With Gardner (Colin Blakely) keeping watch from a rented nearby office, the titular loophole of the sewer access is utilized by the robbery crew, setting off the bank alarms on entering the vault from beneath and continuing to empty the contents when the police arrive. The police decide the alarms are defective and turn them off for the evening.

As the gang are preparing to leave, a heavy downpour of rain starts to flood the sewer system and the gang are seen to struggle against a raging torrent as they are laden with spoils. Booker refuses to leave and remains in the vault hoping the water will go down before the vault is open on business hours. One of the robbers who had been injured by inhaling sewer gas earlier in the scene, Harry (Alfred Lynch), is seen floating away and is assumed to have died. The final scenes show Booker in his own studio, when Daniels visits him to offer him another job.

Cast

Reception

The staff at Variety said that the core of the plot was one of the few bright spots of the movie.
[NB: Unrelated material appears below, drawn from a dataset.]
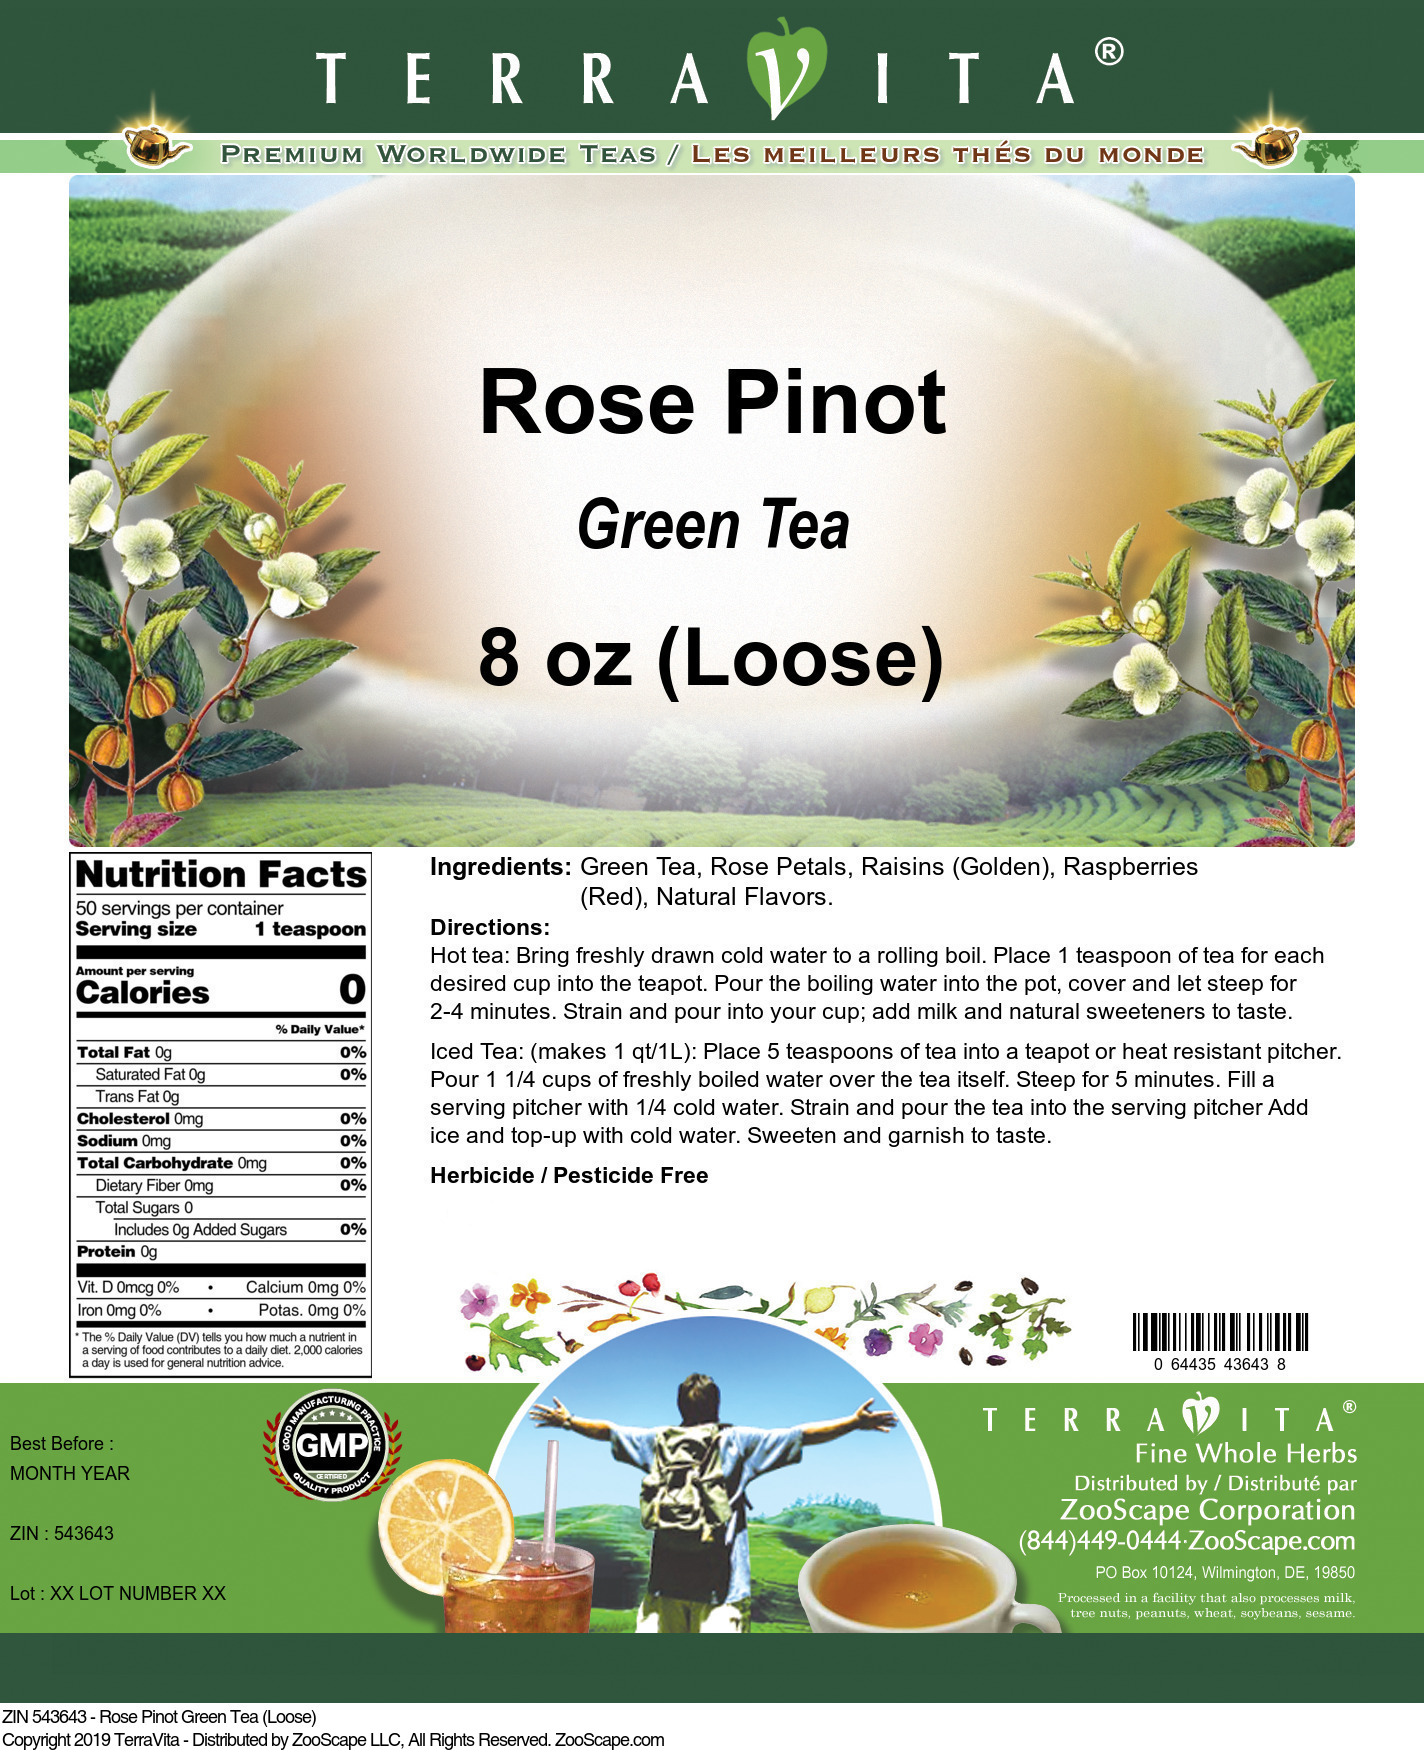 Rose Pinot Green Tea (Loose)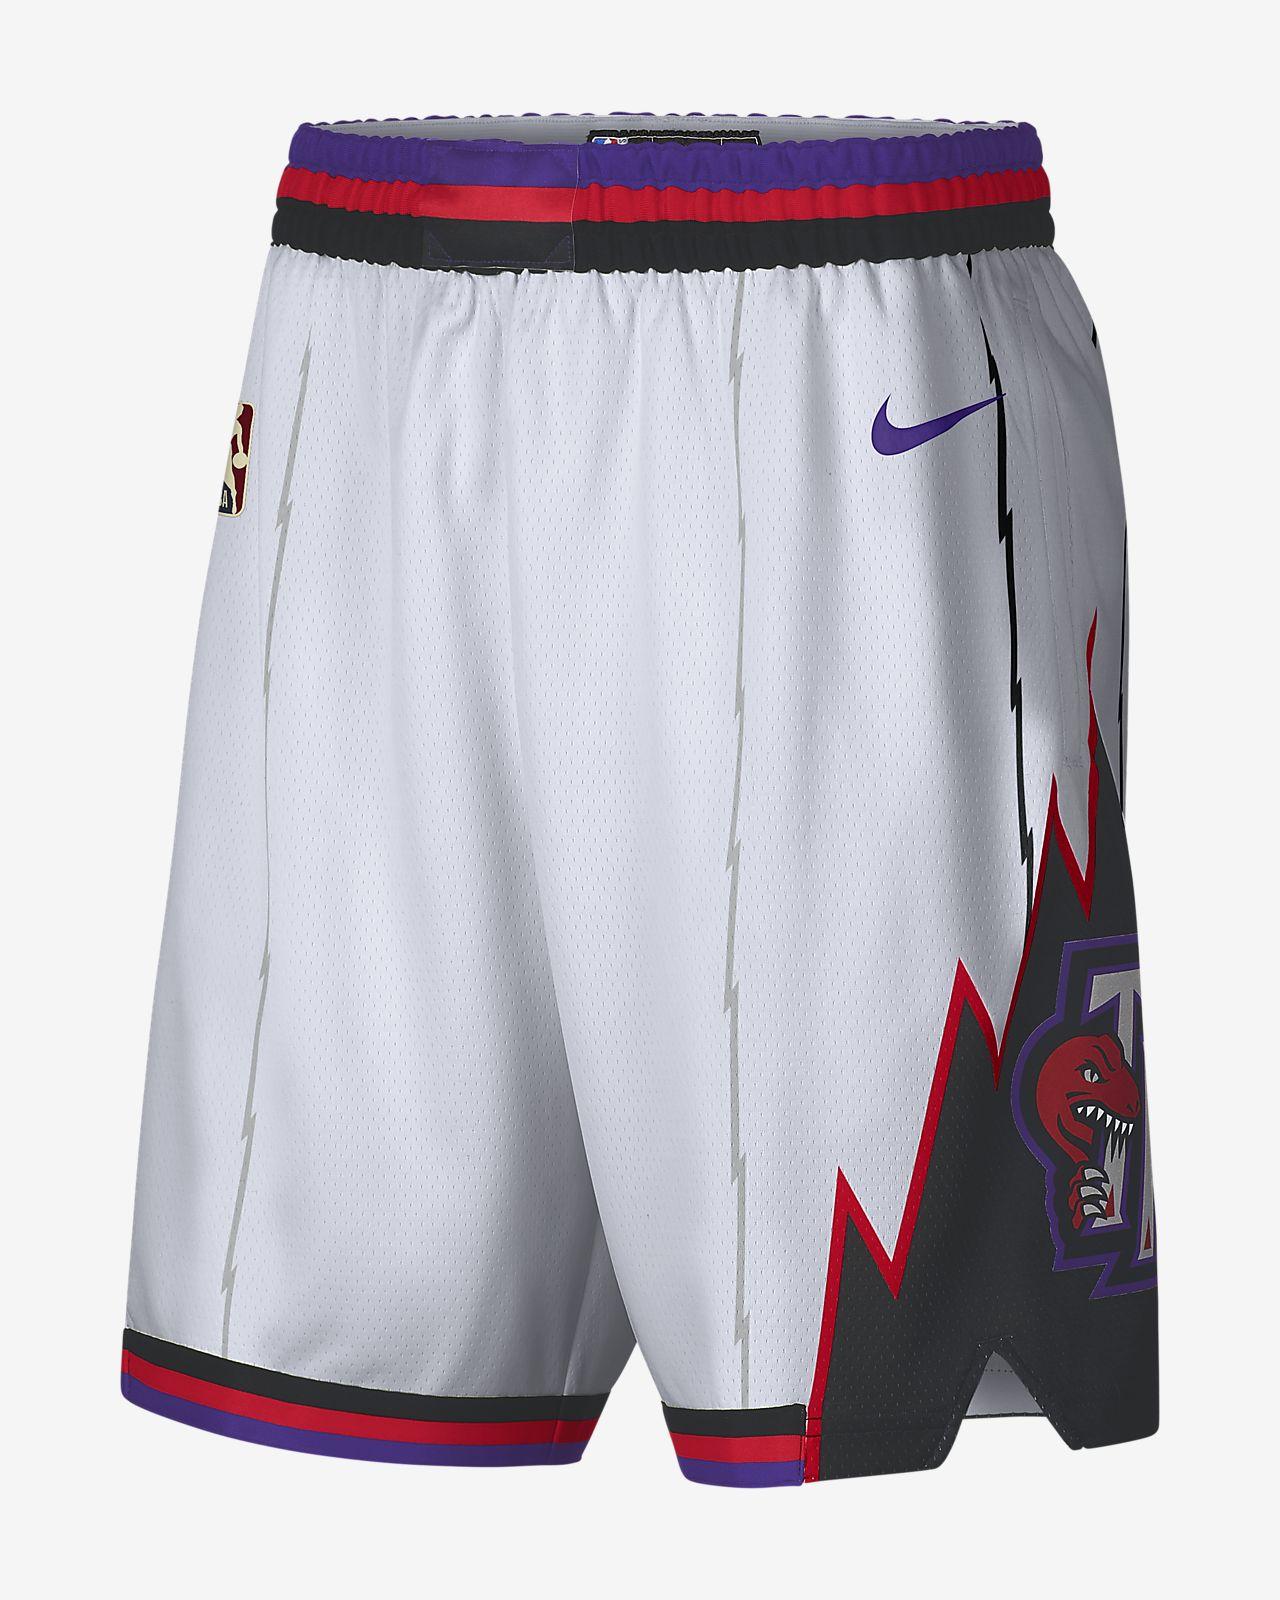 Toronto Raptors Classic Edition Swingman Nike NBA-Shorts für Herren

Variety went on to say that the film didn't give Albert Finney and Martin Sheen a chance to show their talents, owing to the script's quality. The staff also went on to write that the film offered very little in terms of action or suspense.

Spinning Image gave the film 5 out of 10 stars with the overall summary of the review being that there wasn't enough peril, that the plot of the heist was too straightforward for most people and that the ending was rushed.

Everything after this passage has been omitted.